Вчера Ивана Васильевича доконала фраза по телевизору, где представитель Пенсионного фонда ласково разглагольствовал о «возрасте дожития» – мол, для пожилых наступают просто невыразимо прекрасные годы, когда можно получить истинное удовольствие. Хотя сей тип с чётким пробором, видимо, сам не шибко стремился достичь желанного возраста. И его лоснящаяся физиономия не оставляла сомнений: государство не оставит пенсионеров без заботы, точнее – без забот.

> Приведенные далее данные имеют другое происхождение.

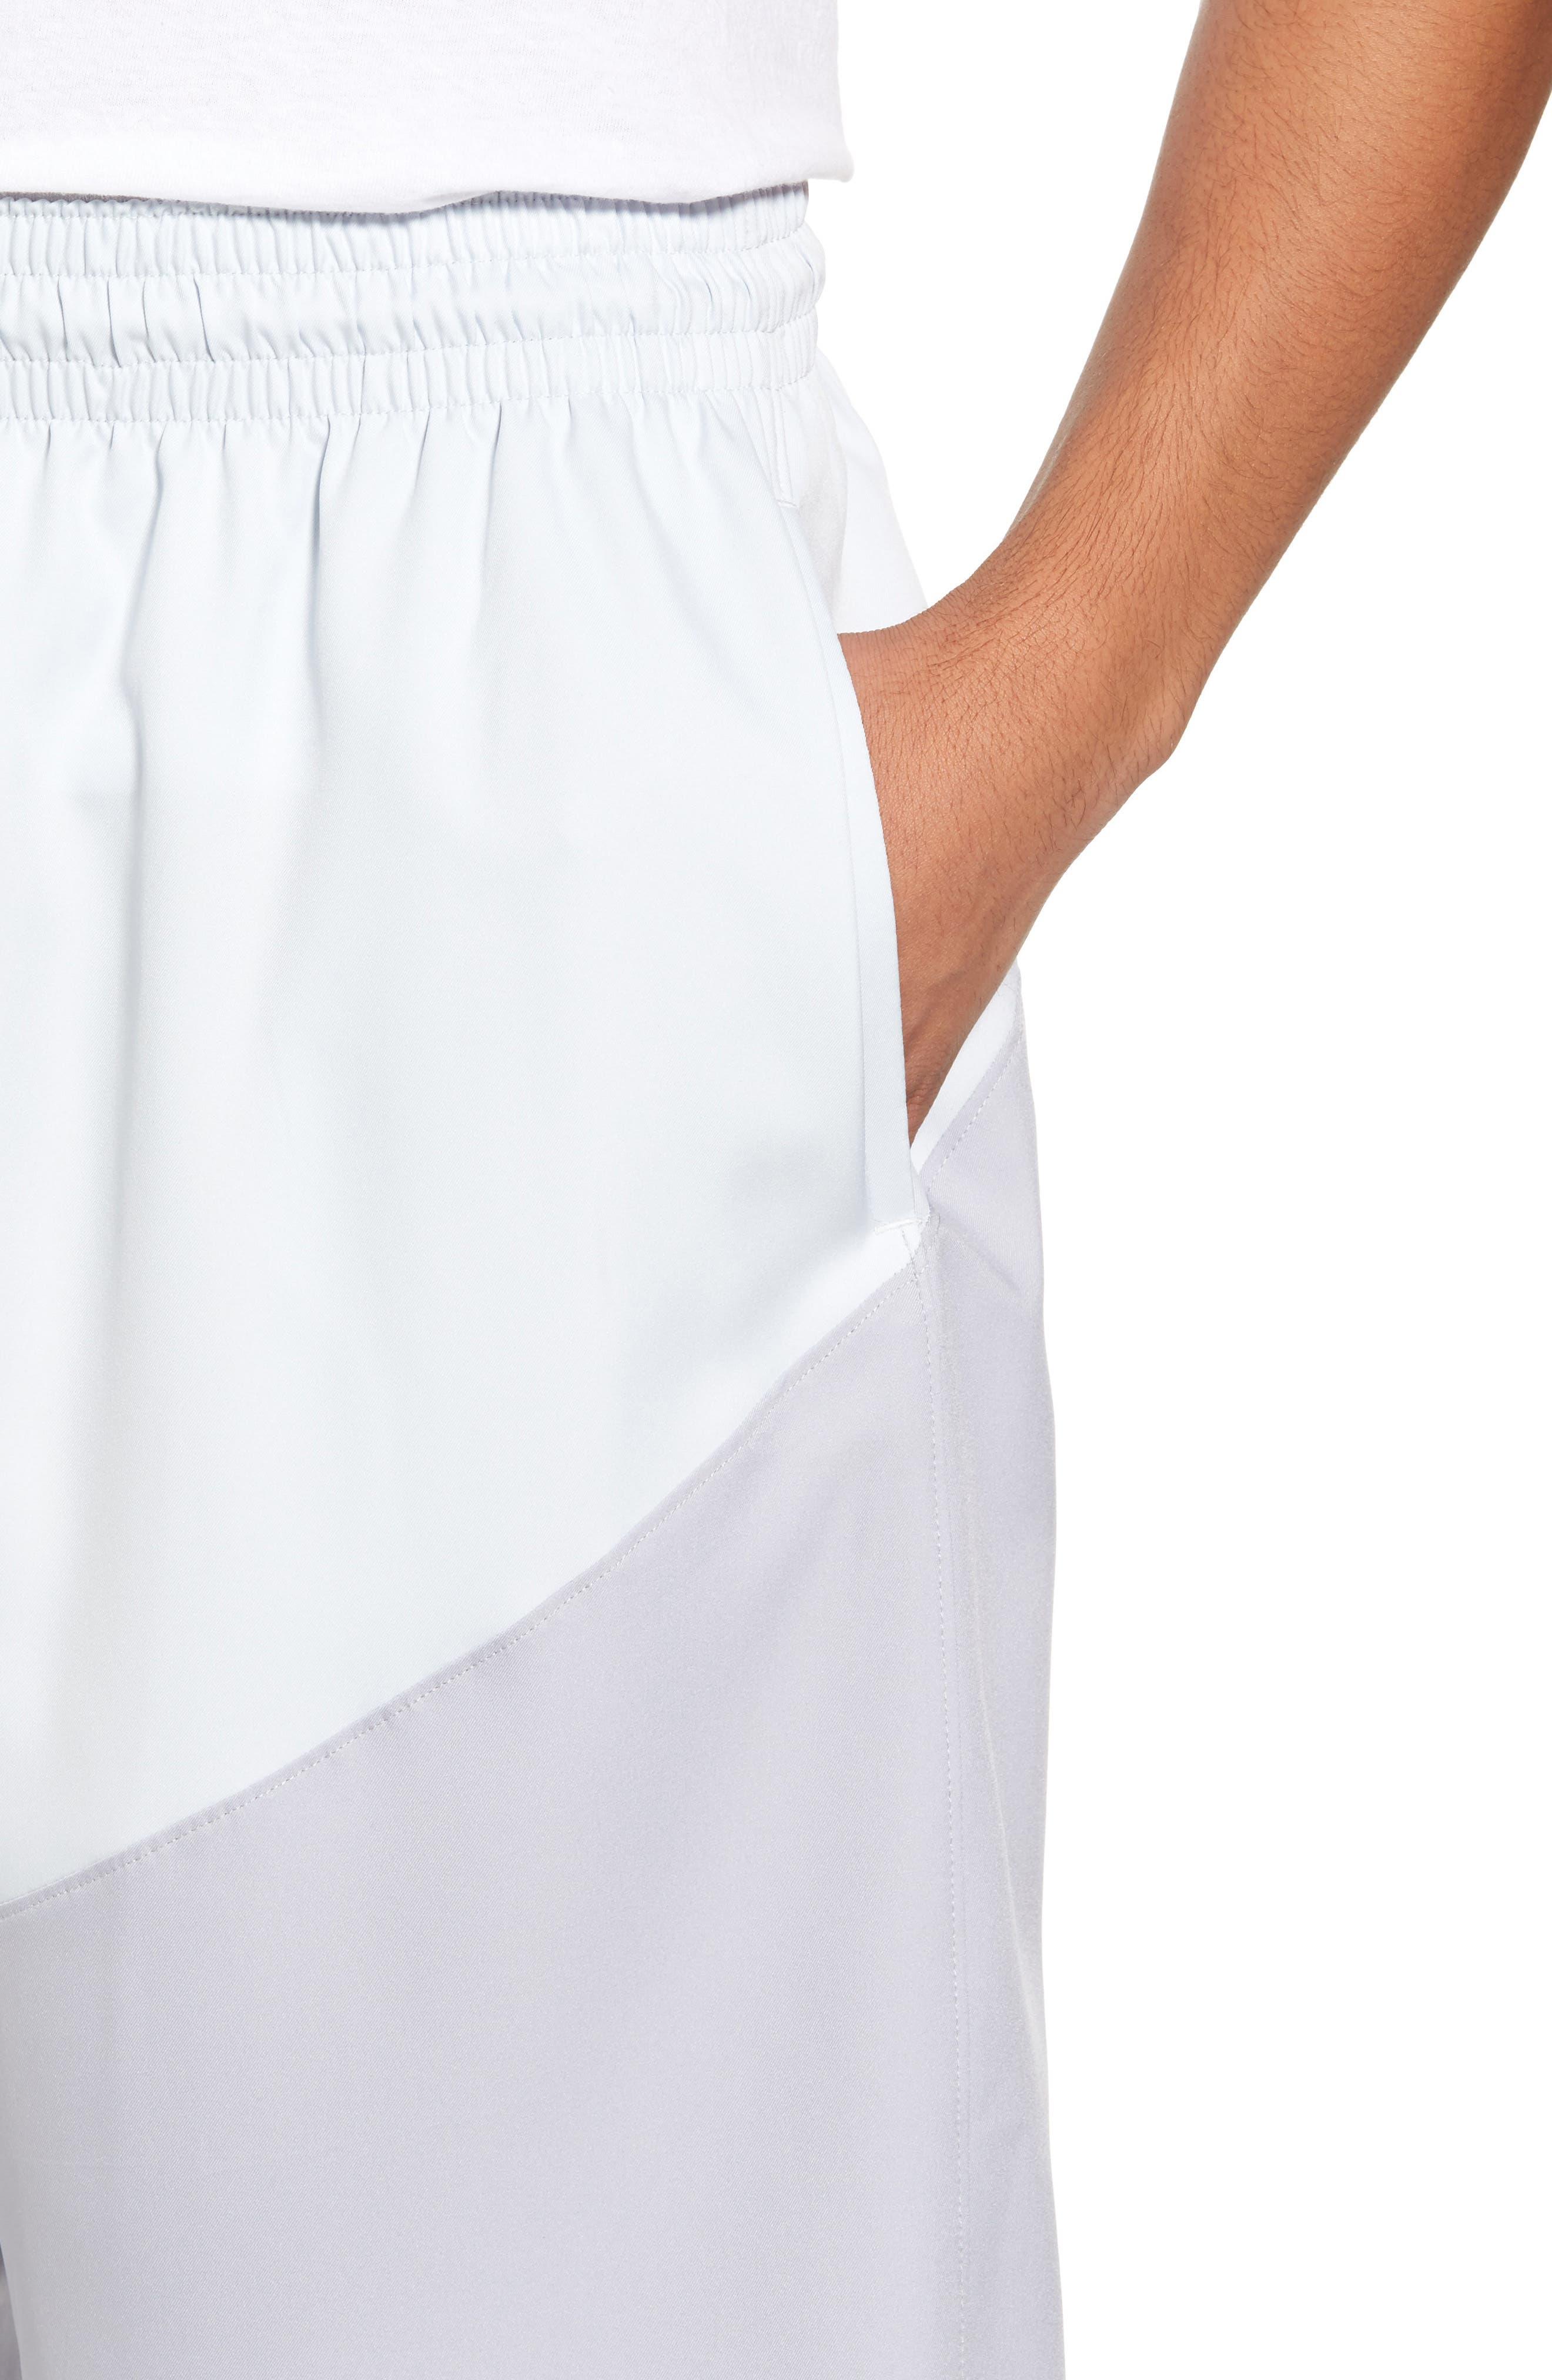 Dry Shorts,                             Alternate thumbnail 4, color,                             027
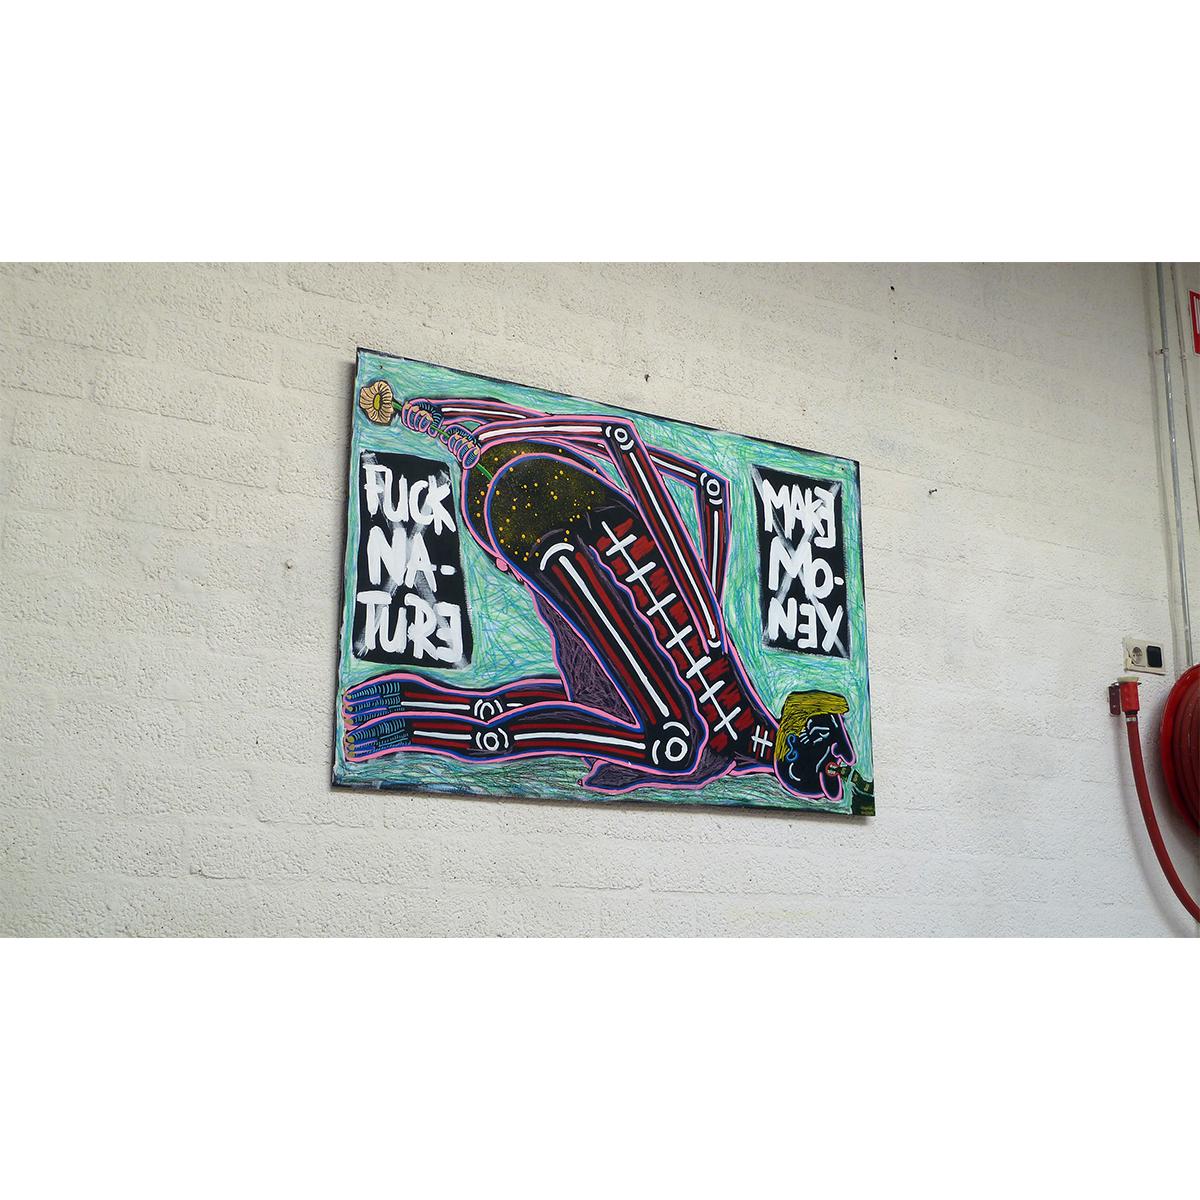 FUCK NATURE, MAKE MONEY 01 - Frank Willems

Размышления о неотвратимости приближающейся старости становились для Ивана Васильевича невыносимы. Он не считал себя ещё настолько дряхлым, но всё-таки… Жизнь-то прежняя, а ты вот изменяешься. И в твоём меню уже всегда есть таблетки на завтрак-обед-ужин. Среди ночи, в маете бессонницы, он отчётливо осознал единственную истину, к которой рано или поздно приходят все: бегаешь-суетишься, оставляя на потом что-то сделать, изменить, с кем-то встретиться, куда-то поехать, потом вдруг… «Ты понимаешь, – обратился он к сам к себе, – ничего уже больше не будет, НИЧЕГО. Сколько не рыпайся, ни с кем из друзей-приятелей не встретишься, ни в никакую заграницу не поедешь, коли не успел там побывать раньше. Много чего хочется, а в руках-ногах – немощь. Не поедешь даже за границы области. Почти как у классика: оставь надежду всяк туда – на пенсию – входящий». Панический страх внезапно до того заледенил нутро средь чёрной тьмы, что ни о чём больше уже не думалось. И суть – в отвратительной банальности, вопреки тому, чему детьми верили: жизнь бесконечна… Воистину многие лета? прибавляют многие печали.